Although the war between Japan and China was officially declared on 1 August, 1894, it started earlier with the seizing  of the Korean royal palace on 23 July and an attack on a Chinese troop ship on 25 July. This print depicts the naval attack. The inscription in the cartouche states: “On 25 July last, in a naval battle off the coast of Nanyō Bay of Korea, we sank one cargo vessel loaded with Chinese troops, captured one war ship, and let two escort ships escape.” From the 2001 Museum of Fine Arts, Boston, Massachusetts publication “Japan at the Dawn of the Modern Age”, Catalogue number 25, p.70.

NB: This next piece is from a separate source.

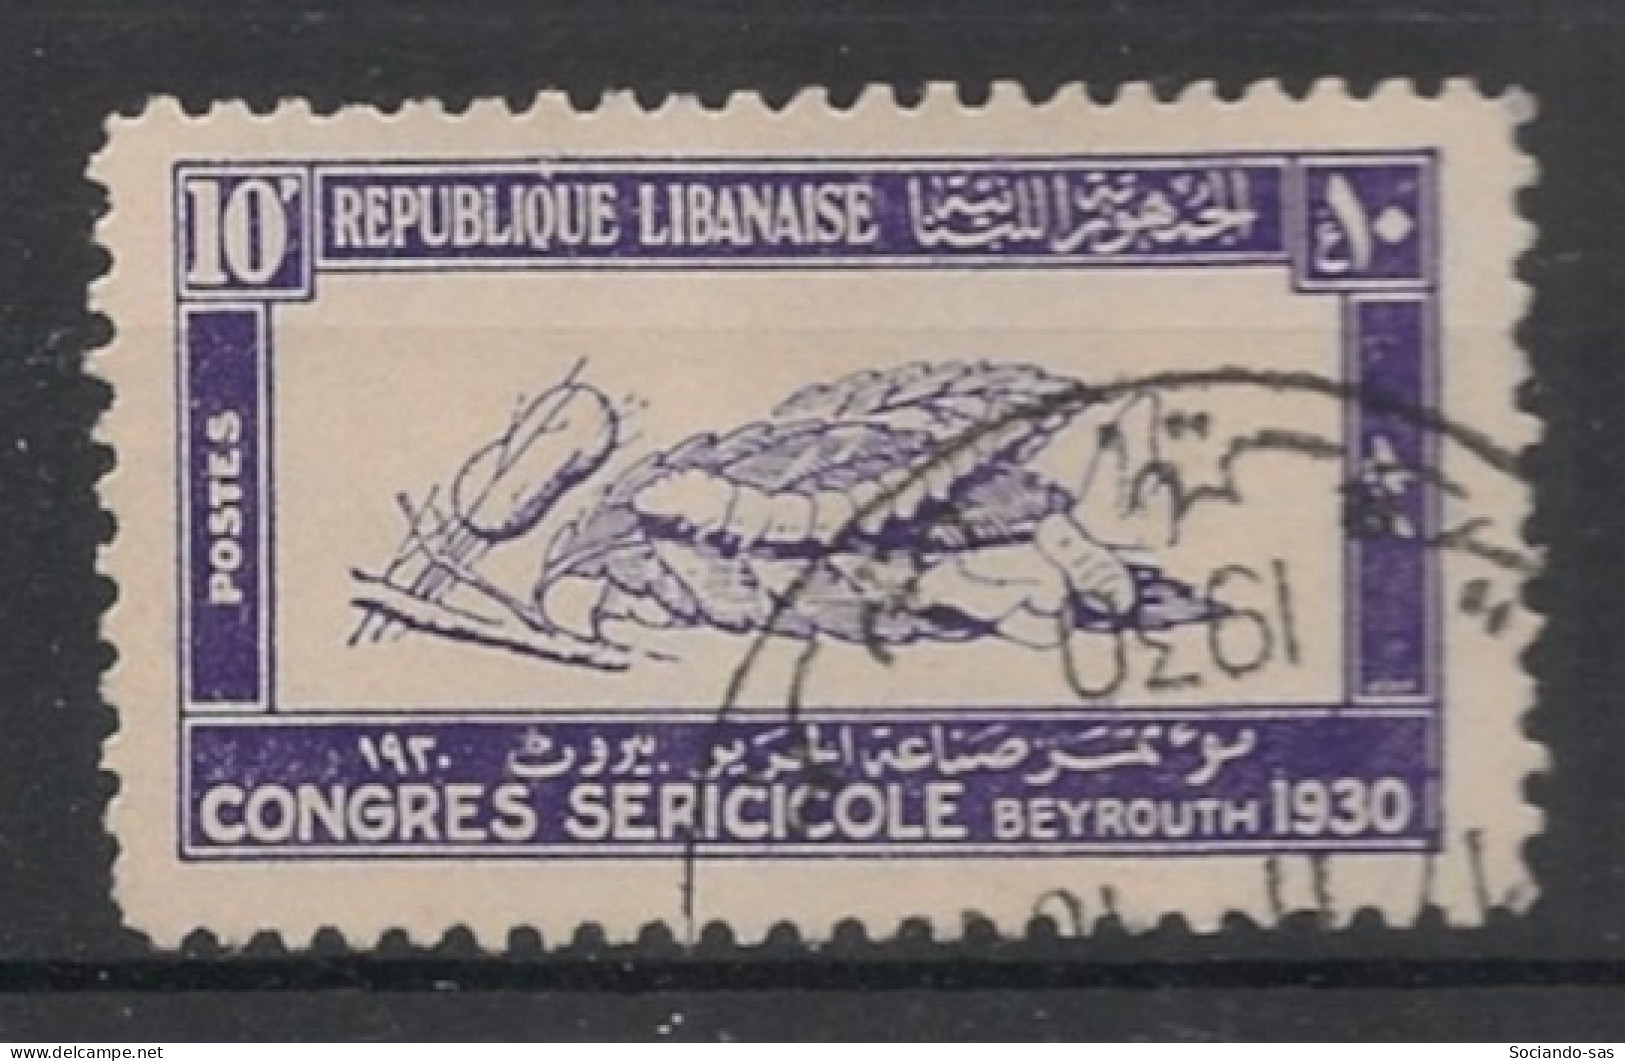 GRAND LIBAN - 1930 - N°YT. 125 - Vers à Soie 10pi Violet - Oblitéré / Used - Gebraucht

Dramatic scene of the Japanese Imperial Navy winning a naval battle against the Chinese during the Sino-Japanese war. At lower left, a red Chinese ship tilts as it begins to sink beneath the waves at a precarious angle, throwing sailors to the deck. Just beyond it, another Chinese vessel goes down as terrified sailors shout and wave their arms. Smoke billows from the stack of the sinking ship. At upper right, a Japanese warship continues to fire its guns, while at lower left, sailors row a smaller boat towards the enemy, an officer standing in the bow with his sword raised high. A dynamic composition with atmospheric clouds of smoke billowing across the night sky and white-capped waves splashing against the ships.

Collections: Philadelphia Museum of Art

References:  Illustrated in the 1991 Worcester Art Museum publication “In Battles Light”, Catalogue number 2. p.27.
Illustrated in the 2001 Museum of Fine Arts, Boston, Massachusetts publication “Japan at the Dawn of the Modern Age”, Catalogue number 25, p.70.